I agree with your comments about Roman factions. It was only a loose classification. However, Sertorius is particularly difficult to classify. I don't think he was particularly attached to Cinna or Carbo, since he left them once he decided there was little chance of their defeating Sulla. Perhaps that is the best way to classify him: as an anti-Sullan.

Your point about the decline in patrician families is fair; in fact, the death of most of the old families in the last century of the Republic was what inspired my suggestion for a genealogical tracing of those families (Which I still intend to return to.)

I also agree with your point that the Gracchan constitution was better than the Sullan constitution. Struggle to deal effectively with real crises though the Gracchan constitution might, the Sullan constitution was fundamentally flawed by altering drastically the balance of power between the components of the Roman state.

However, the issue of foreign policy remains to be dealt with, as does the issue of Sertorius' administrative skill. By the first, I mean that I'm not certain that Sertorius would be able to fulfill his promises to Mithridates honourably and yet retain the trust and integrity of his followers - he had, after all, signed over kingdoms, some of whom looked to Rome for protection, to Pontus. Admittedly, he desperately needed resources, and cannot really be blamed for his action, but would it be good for Rome to concede the power in Asia Minor to Mithridates, as Sertorius had effectively done?

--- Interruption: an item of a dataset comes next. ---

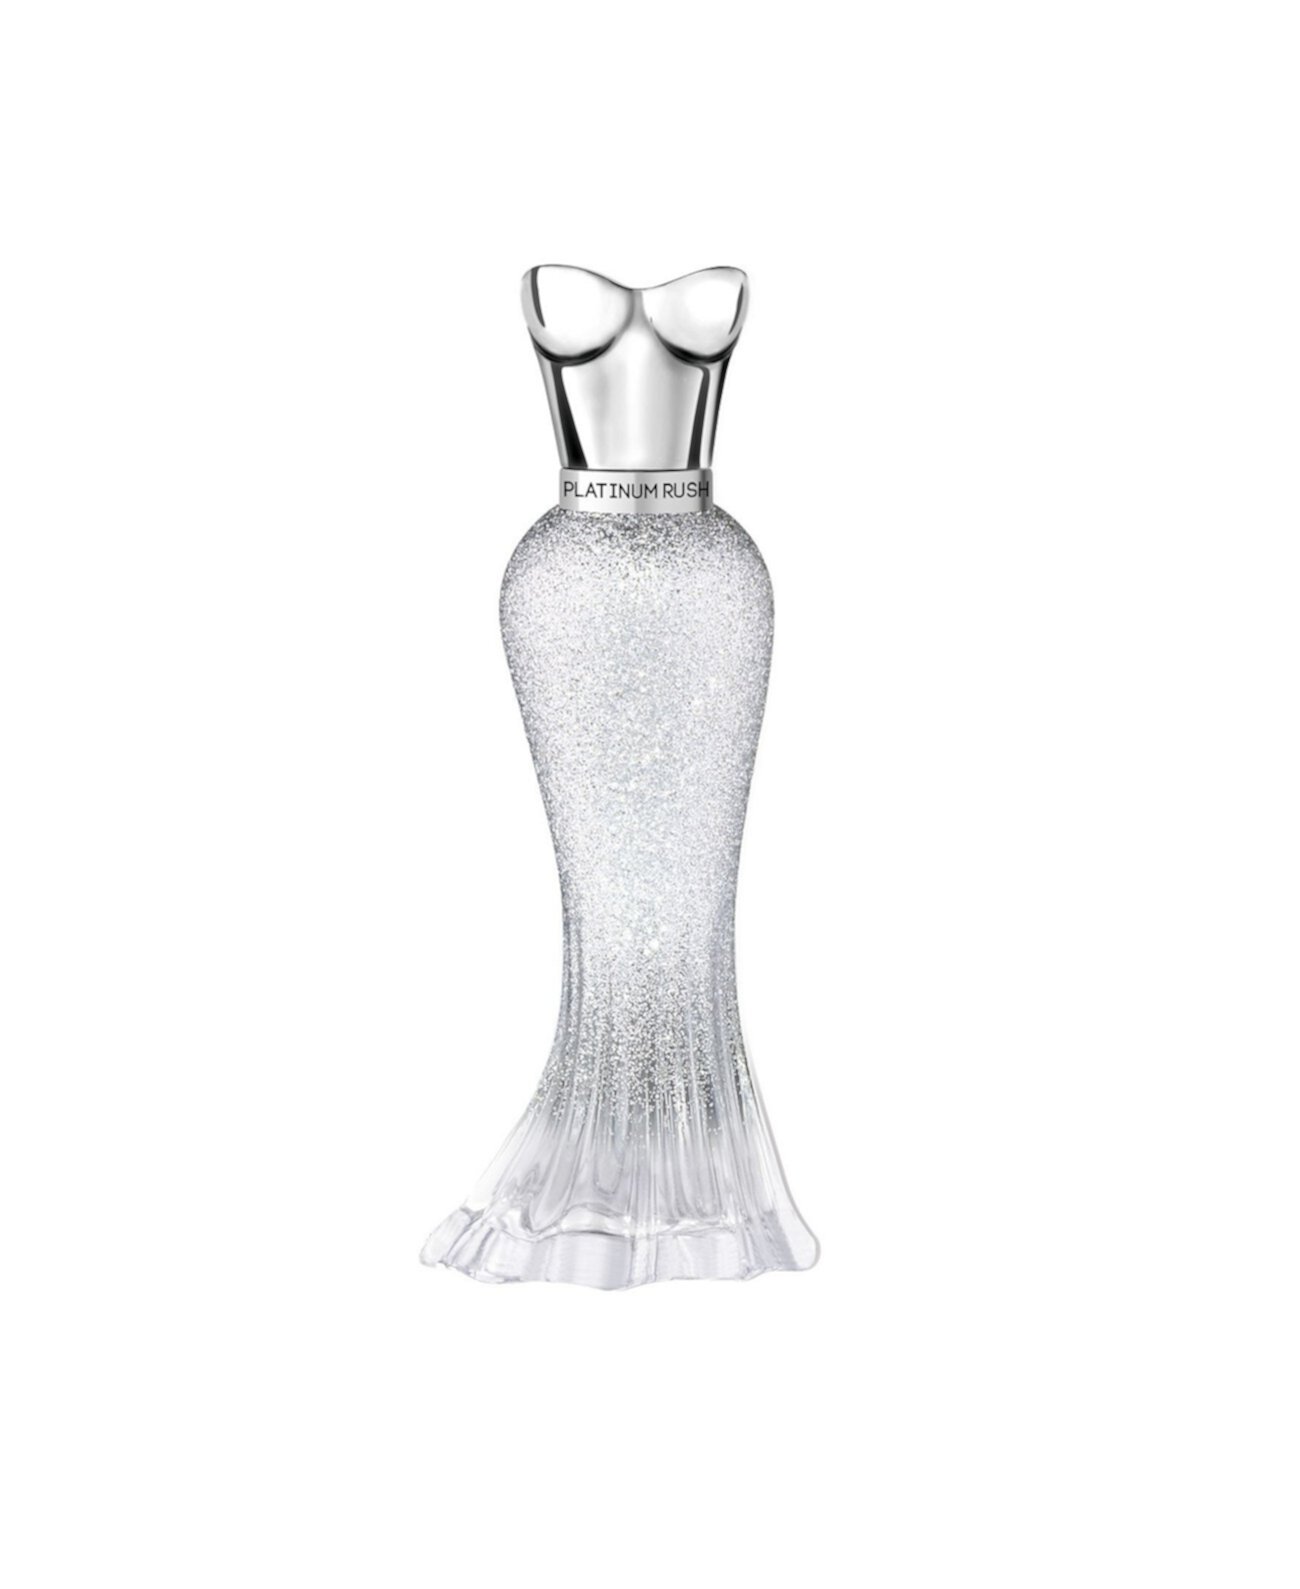 Женская парфюмированная вода Platinum Rush, 1 эт. Унция Paris Hilton

As to Sertorius' administrative skill, I mean simply that there is little proof of it. Plutarch says that he did well during the Italian war in an administrative capacity, but is one thing to raise troops, another to govern over the Roman Republic, as he would undoubtedly have done had he been the victory. He had not had the training, the exposure to the law that most Roman youths got. I don't believe he would have had the gubernatorial skills to reform Rome yet again to face the inevitable challenges that Rome needed to overcome, both external, and internal, in order to keep the Republic going. He may not have had the crass uncouthness that Marius was famous for, but Sertorius was no lawmaker either.

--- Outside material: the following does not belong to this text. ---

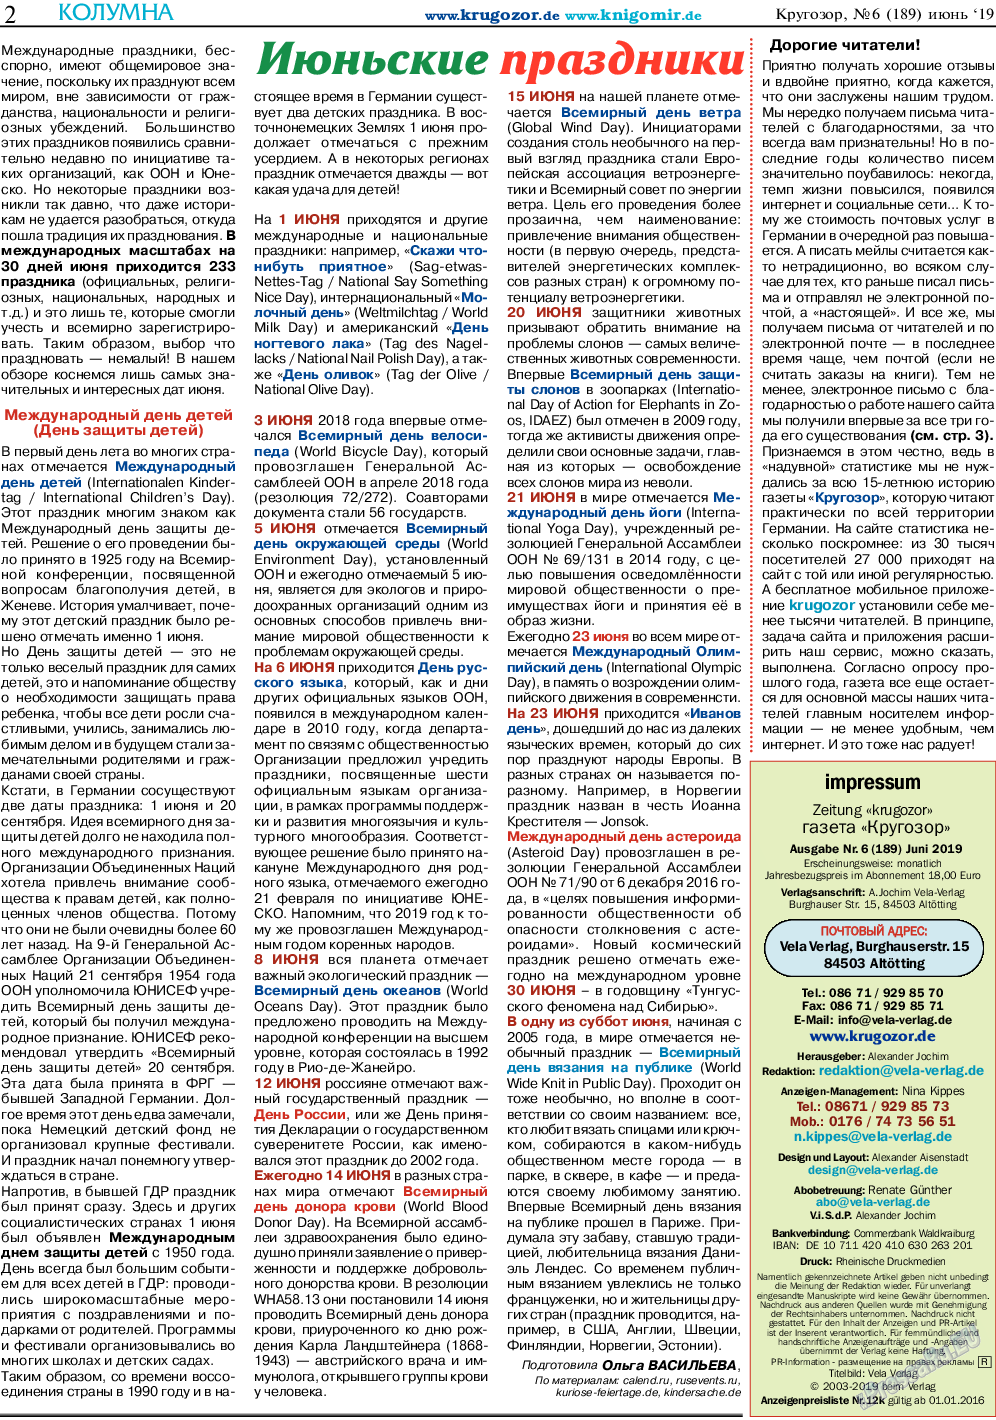 Кругозор, газета. 2019 №6 стр.2

As an interesting sidenote: Have a look at this site, mi Piscine:
http://www.ukans.edu/history/index/euro ... rius*.html

It is apparently a translation of Plutarch's Life of Sertorius. However, in the ninth paragraph, Plutarch says this: "After encountering grievous storms in mountainous regions, he was asked by the Barbarians to pay them tribute and purchase his passage. His companions were indignant, and considered it a terrible thing for a Roman pro-consul to render tribute to pestilent Barbarians; but Sertorius made light of what they thought a disgrace, and with the remark that he was purchasing time..."

Now I'm certain that Sertorius was never Consul. Why, therefore, would Plutarch make such an obvious mistake as to call him a "pro-consul"? Is this a genuine mistake by Plutarch, a mistake by the webmaster, or am I missing something obvious?

Anyone else got an opinion on the subject of Sertorius?